Do we all understand ratings the same way?
Perhaps not. A more informed approach to answer this is to understand the intent of rating systems, specially in the case of today’s digital products.
A Rating System is a possible investment, from your users in your product (digital or otherwise). Once they (your users) are clear about and in favour of the return on this investment, they are more likely to invest, engage better with your rating system. They will help with the product’s growth by rewarding good actions and punishing the not so good ones.
We recently conducted a related survey for one of our client’s project. More than 50 percent of the respondents take 7 as the lowest rating on IMDB, for them to watch that movie. Anything less would make them skip the movie! Interestingly, the LAR (lowest acceptable rating) for a show or series with the same set of respondents, is 8 (and not 7, like movies). “I almost never rate a movie more than 8, given it’s an ideal movie” — one of the respondents revealed. While a 7 rating is acceptable, 9 is too rare and exceptional for movies. The same set of users would vote the same movie as ‘thumbs up’, on Netflix.
Platforms, their usage, rating systems and their eventual participative results seem to play a great psychological role in how a user rates a content piece. Colors, labels and the immediate effect of the rating are also major influencers.
About 80 percent of the respondents from the same survey claim to hire an uber at least once a week, with more than 30 percent boarding one everyday. Almost 50 percent of these Uber commuters will cancel their ride if the driver has a rating anything less than 4.5 (out of 5)! The same users browse the listings on Zomato for a minimum of once a month.
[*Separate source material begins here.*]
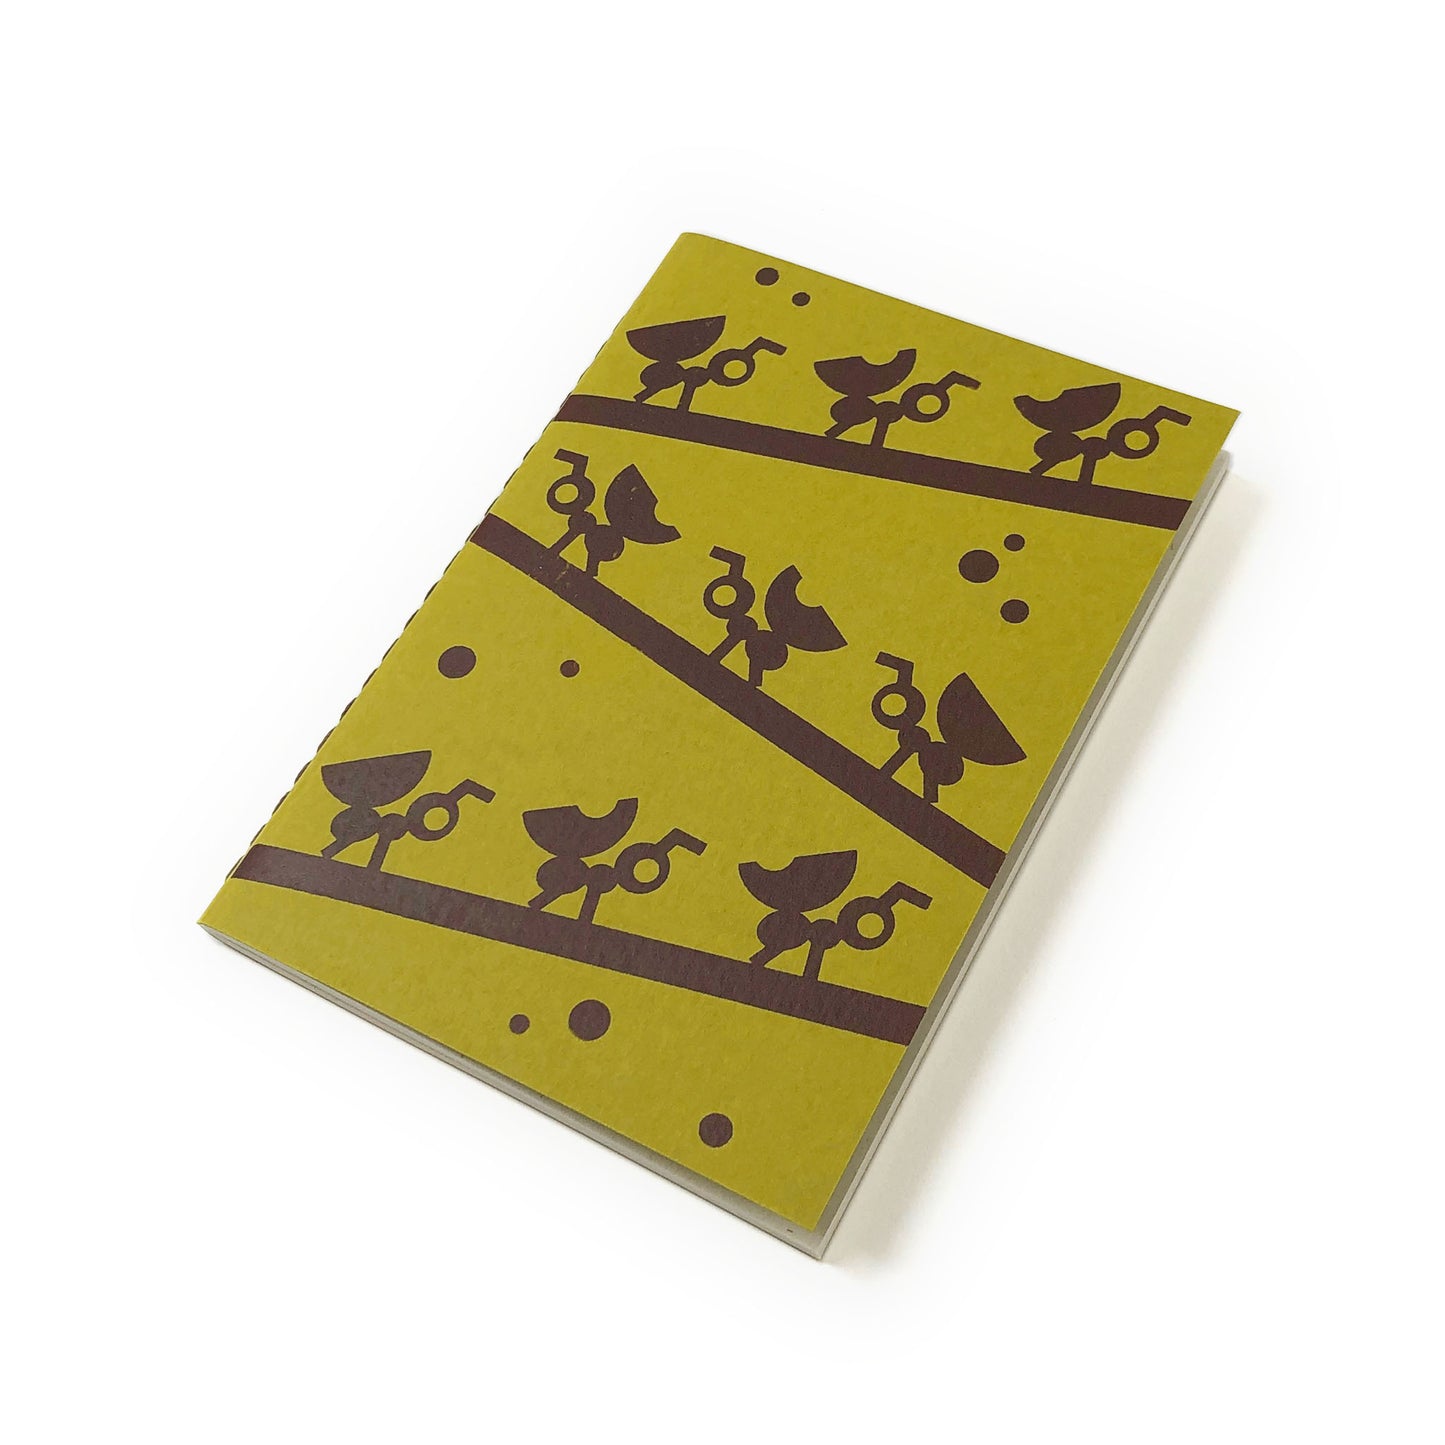 Green notebook with brown illustration of branches with ant rows, and stitched spine on white background.

The LAR for a restaurant drops to 3.8 (out of 5)! Perhaps, the frequency of usage and relevance to everyday life are also influencing our perception of ratings.
“A 4-star rating is for working as expected. 5 is for exceeding expectations!”
Instagram (or Facebook) likes and Twitter’s retweets are rating systems as well, the true binary ones in fact. Usually, users don’t rate ‘blah’ experiences. They rate extremes — love or hate! Facebook, Twitter and Instagram do not care about the ‘hate’ inducing experiences. They value and popularize the experiences users ‘love’. Binary systems ease the act of getting ratings, for users have to act only when they love something on these platforms.
Muzafer Sherif conducted a classic experiment in 1936. Participants were placed in a dark room and asked to observe a small dot of light 15 feet away and estimate the amount it moved. The experiment showed that the participants tested individually reported wider variations of light movement than the participants tested in the group of three, converging to a common estimate. Sherif’s experiment showed that rather than make individual judgments, people would always tend to conform to a group.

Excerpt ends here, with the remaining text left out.